Introduction

      This paper proposes the establishment of Free Export Processing Zones (FEPZs) in Israel. FEPZs are export-led industrial parks which function as free-trade enclaves. Such enclaves create an environment conducive to competitive economic activity by freeing entrepreneurs from changing regulations and bureaucratic interference, enabling them to make efficient use of Israel's comparative economic advantages. The establishment of Free Export Processing Zones is expected to attract massive direct foreign investment (DFI), which will serve as an engine for economic growth.

      The rationale for establishing FEPZs requires a brief description of the main impediments to economic growth in Israel.
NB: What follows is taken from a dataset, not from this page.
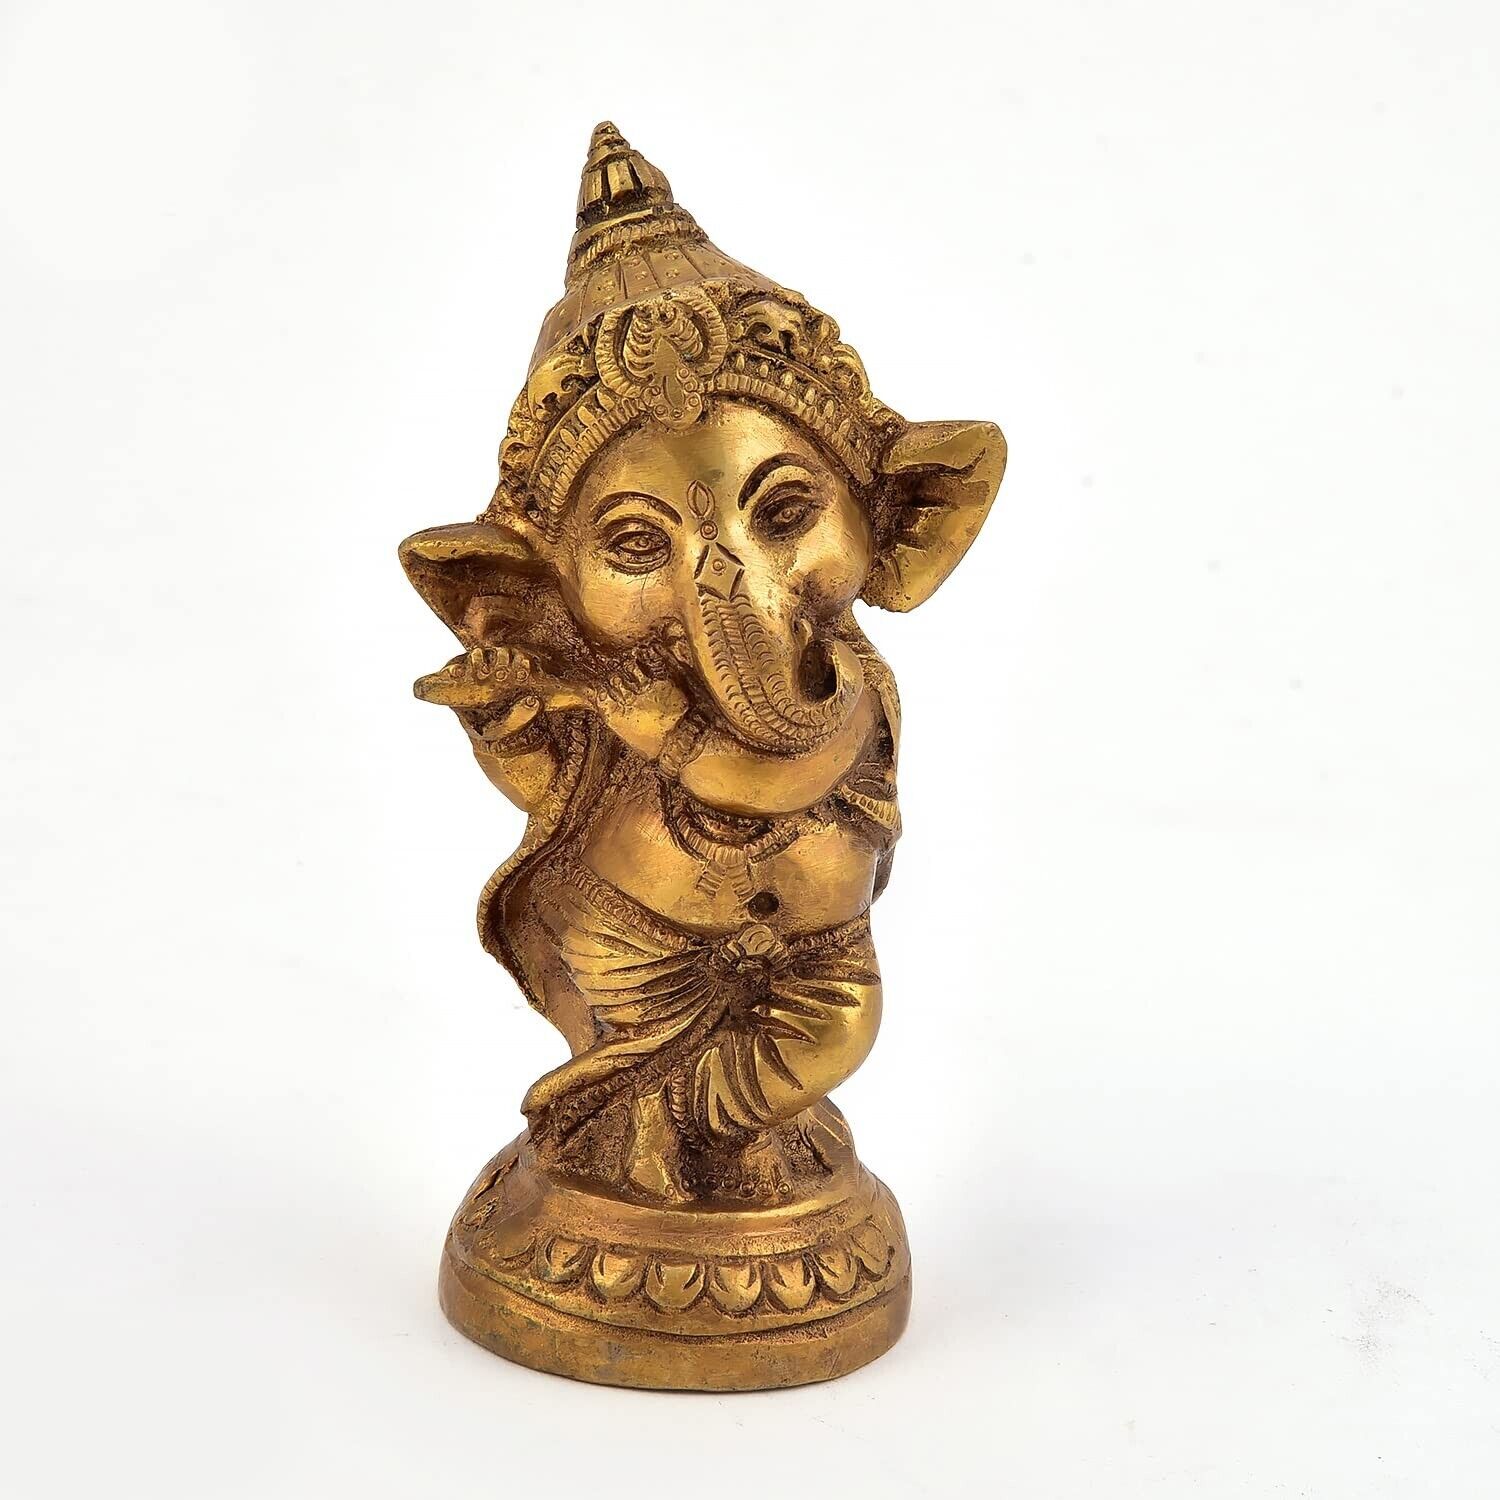 Brass Heavy Dancing Ganesh Idol and Figurines for Temple

      • As a small economy, Israel depends on its capacity to export goods and conduct trade with other nations, but most of its industry concentrates on the domestic market.
      • Planned population distribution to fill out the outlying areas has created regional pockets of socio-economic distress in the Negev, Jerusalem and the Galilee.
      • Constant shifts in economic laws and regulations and massive amounts of red tape render the economy unattractive to DFI.
      • Unilateral foreign transfers and credit from abroad may be expected to shrink in the future.
      • Deficit budget financing would revive the scourge of hyper-inflation.
      • Economic stagnation leads to unemployment and a "brain drain" phenomenon.
      • No consensus exists for restructuring the economy by means of slashing transfer payments.
      • A powerful centralized trade union and monopolistic economic structure are deeply entrenched, enjoying the complicity of the main political parties.

      The establishment of FEPZs containing competitive export industries in the Negev, Jerusalem and the Galilee is an economically viable, socially desirable and politically feasible solution to the foregoing obstacles to growth.

      Free trade can best be introduced into Israel's economy by means of industrial enclaves; the alternative, exposing the whole nation to foreign competition in one fell swoop, would exact too high a price in social, political, and economic terms.

      The successful experience of other countries in achieving economic growth through FEPZs demonstrates that their implementation can be accomplished within the existing socio-economic structure and vested interests. In other countries, FEPZs created employment, generated foreign exchange earnings and attracted DFI, despite other restrictive domestic policies. The FEPZ achievements gradually percolated through the economy, reinforcing competitive and liberalizing tendencies.

      Priority must be given to attracting DFI. The FEPZ system removes the obstacles to DFI, which is then able to generate non-inflationary economic growth, improve the balance of payments and create jobs in a competitive export-oriented industry. DFI brings capital, know-how and markets with it, making DFI a low-cost and low-risk means of development. When combined with Israel's comparative advantages, DFI will enable Israel to compete in foreign markets.

      In 1989, Knesset Member Amir Peretz introduced a prototype bill to establish FEPZs in Israel. Far from perfect, the bill was a first attempt to outline some of the key elements of an FEPZ: tax exemptions, freedom from currency controls, no customs barriers, along with the removal of other impediments to profitable DFI. The bill needs improvement to protect the rights of investors from potential changes in government policy and, in particular, to secure protection from the predations of Israel's national labor monopoly. In a nutshell, the bill envisages that the government will grant a "Concessionaire" the authority to construct, manage and market the FEPZ, on a for-profit basis, to investors and entrepreneurs. The FEPZ will attempt to create genuine free-market, free-trade institutions on Israeli soil that foster prospects for massive export growth along the lines of the success stories of Hong Kong, Singapore, Taiwan, and Korea.